God chose to come in suffering love through Jesus, that God may enter the reality of humanity’s existence in all of its dimensions, its heights and depths, including death, that our redemption and transformation may also be complete.
There are yet many forms of death in our time longing for resurrection. People in the world are still being enslaved, and many live with violence and brutality, thousands of children and infants dying of hunger and preventable diseases. Much war and hatred in the world still destroy life. We also know that many parts of our planet are dying – disappearing animal species, decimated forests, polluted rivers, air and water. We see the urgent need for resurrection everywhere.
The risen Lord wanted Thomas to be assured not only that he is the same Jesus crucified on the cross. But Jesus also wanted Thomas to now fully understand that God’s kingdom of love is a kingdom that is inextricably bound to his wounds. Jesus said to Thomas, “Have you believed because you have seen me? Blessed are those who have not seen and yet have come to believe.”

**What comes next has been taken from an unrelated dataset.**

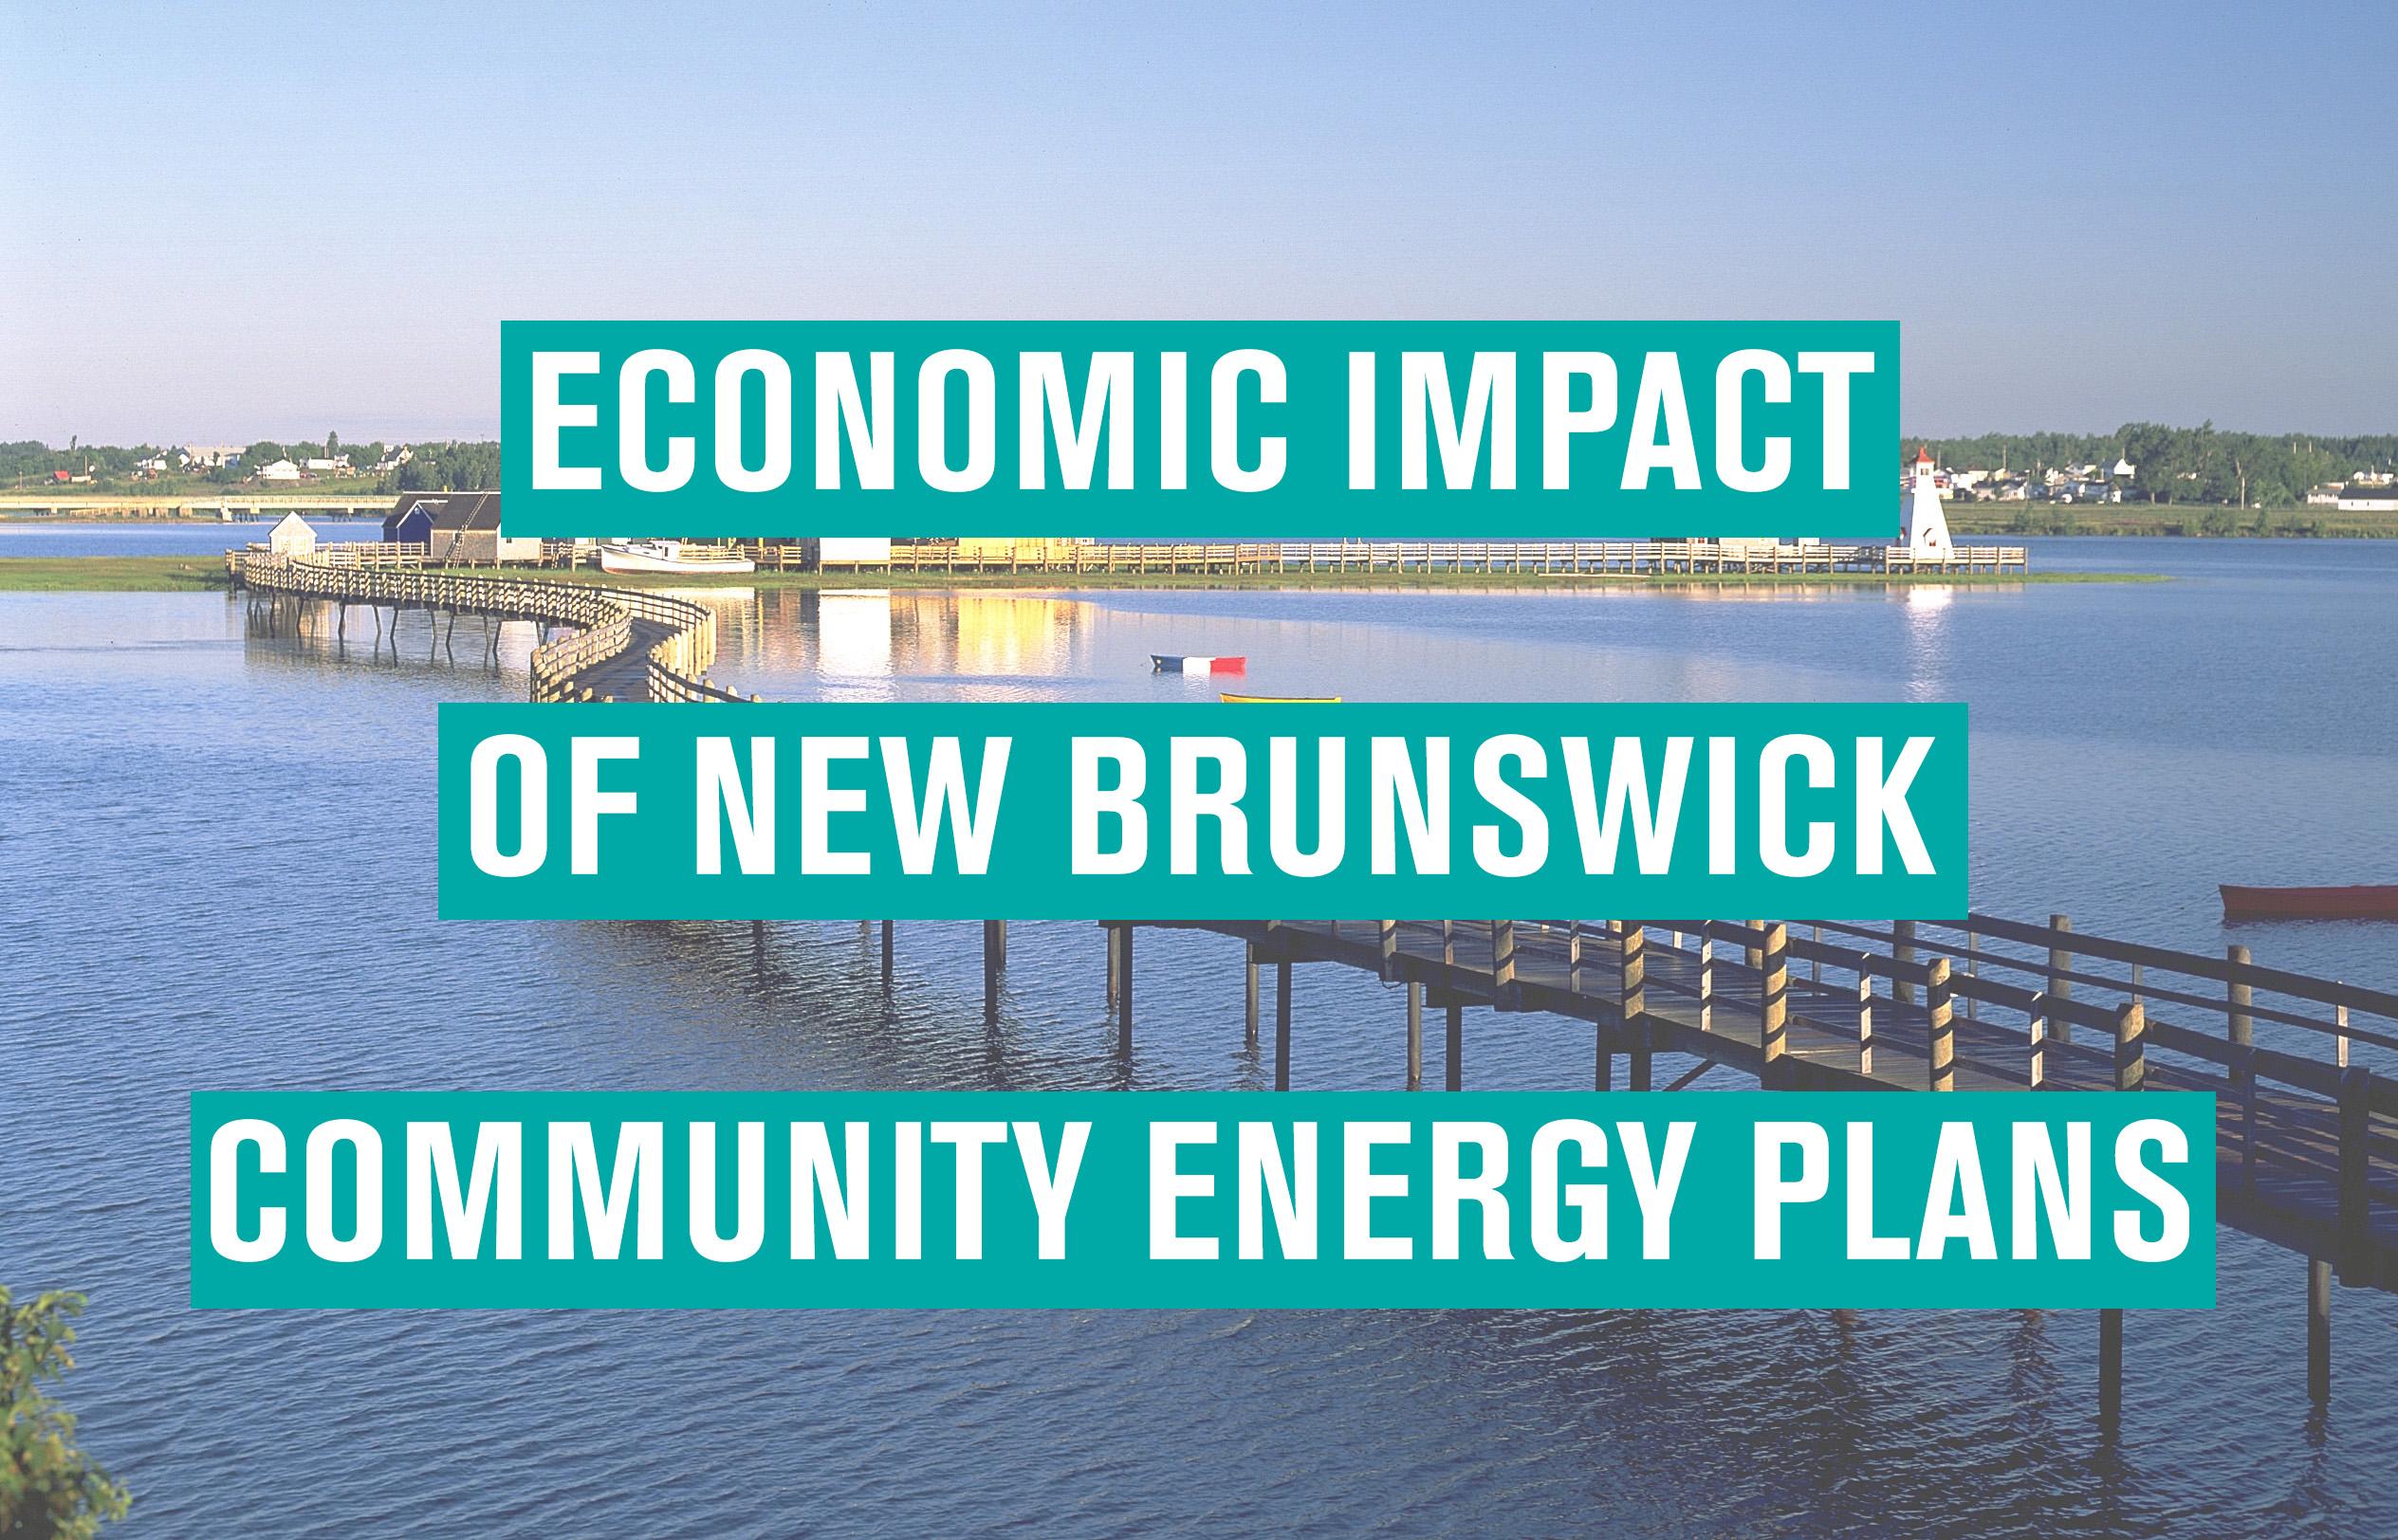 Economic Impact of New Brunswick Community Energy Plans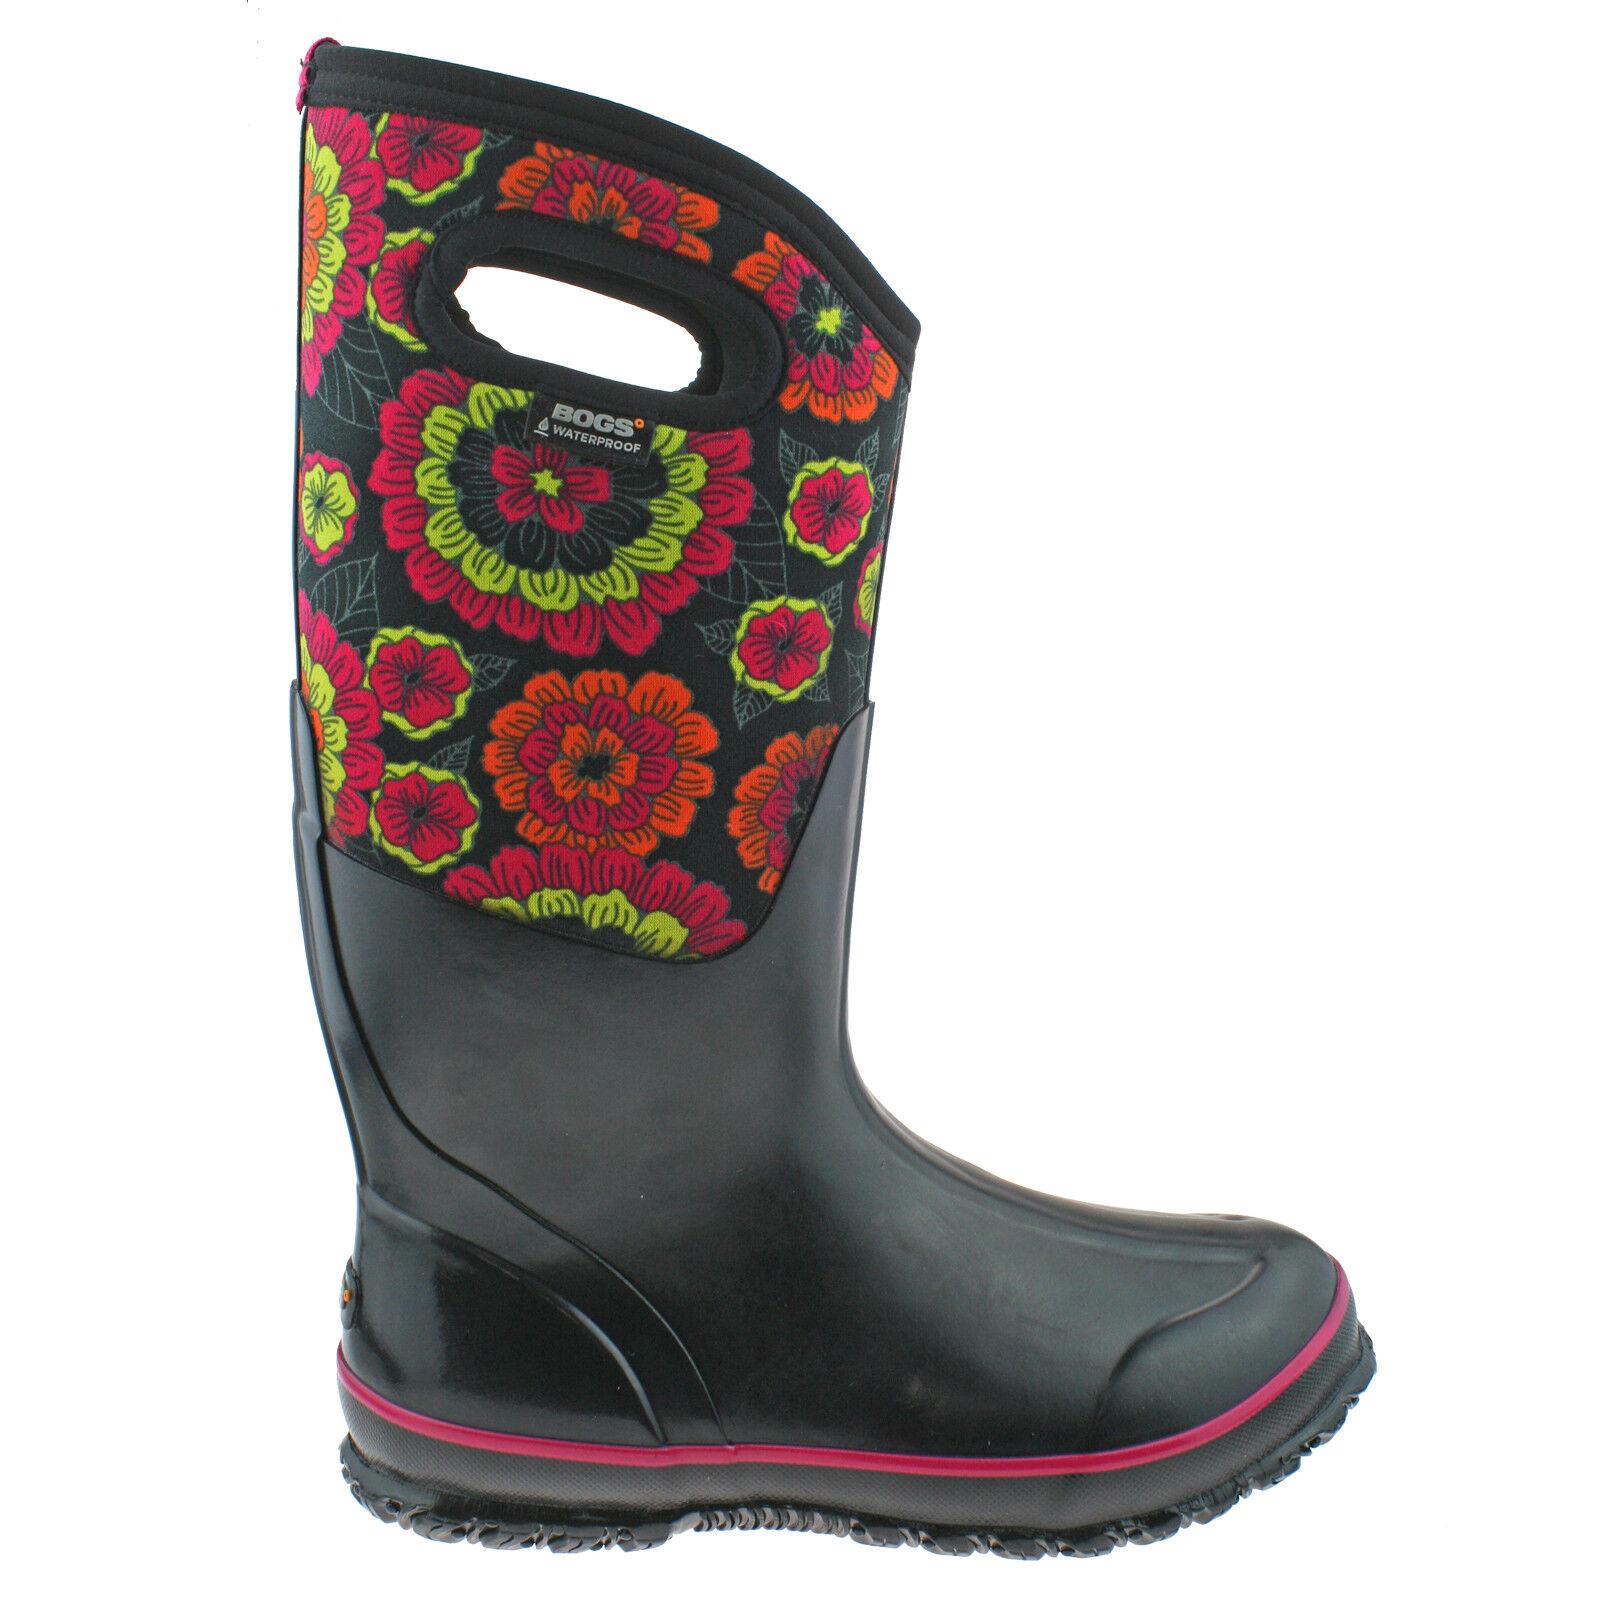 LADIES BOGS CLASSIC PANSIES schwarz INSULATED WARM WATERPROOF WELLIES Stiefel 72117

We no longer have the hands and side of the resurrected Jesus to touch. But blessed are those who have not seen and yet have come to believe. We live in the power of the resurrection, in its hope that in the end love and life are more powerful than death. And we are called to live the resurrected life in the kingdom of love here on earth. What does this mean? It means that we fiercely hope in the midst of despair; we act with generosity and hospitality to the different in the midst of prejudice and greed; we defiantly do justice for the poor and the powerless because God’s love becomes visible only through justice and compassion; we resist unjust authority without fear; and we love, we hope, and we forgive extravagantly in the midst of hatred; and work hard for peace in the midst of the idolatrous worship of war.
Like Thomas, may we be reminded that the kingdom of love is built on Jesus’ stab wounds, his nail marks. When we continue to rage against the darkness of the world and the nihilistic ideologies of death, we also proclaim, “My Lord and my God!” Death is defeated, we are set free from fear. And like Mary, may we live these days proclaiming, “I have seen the Lord!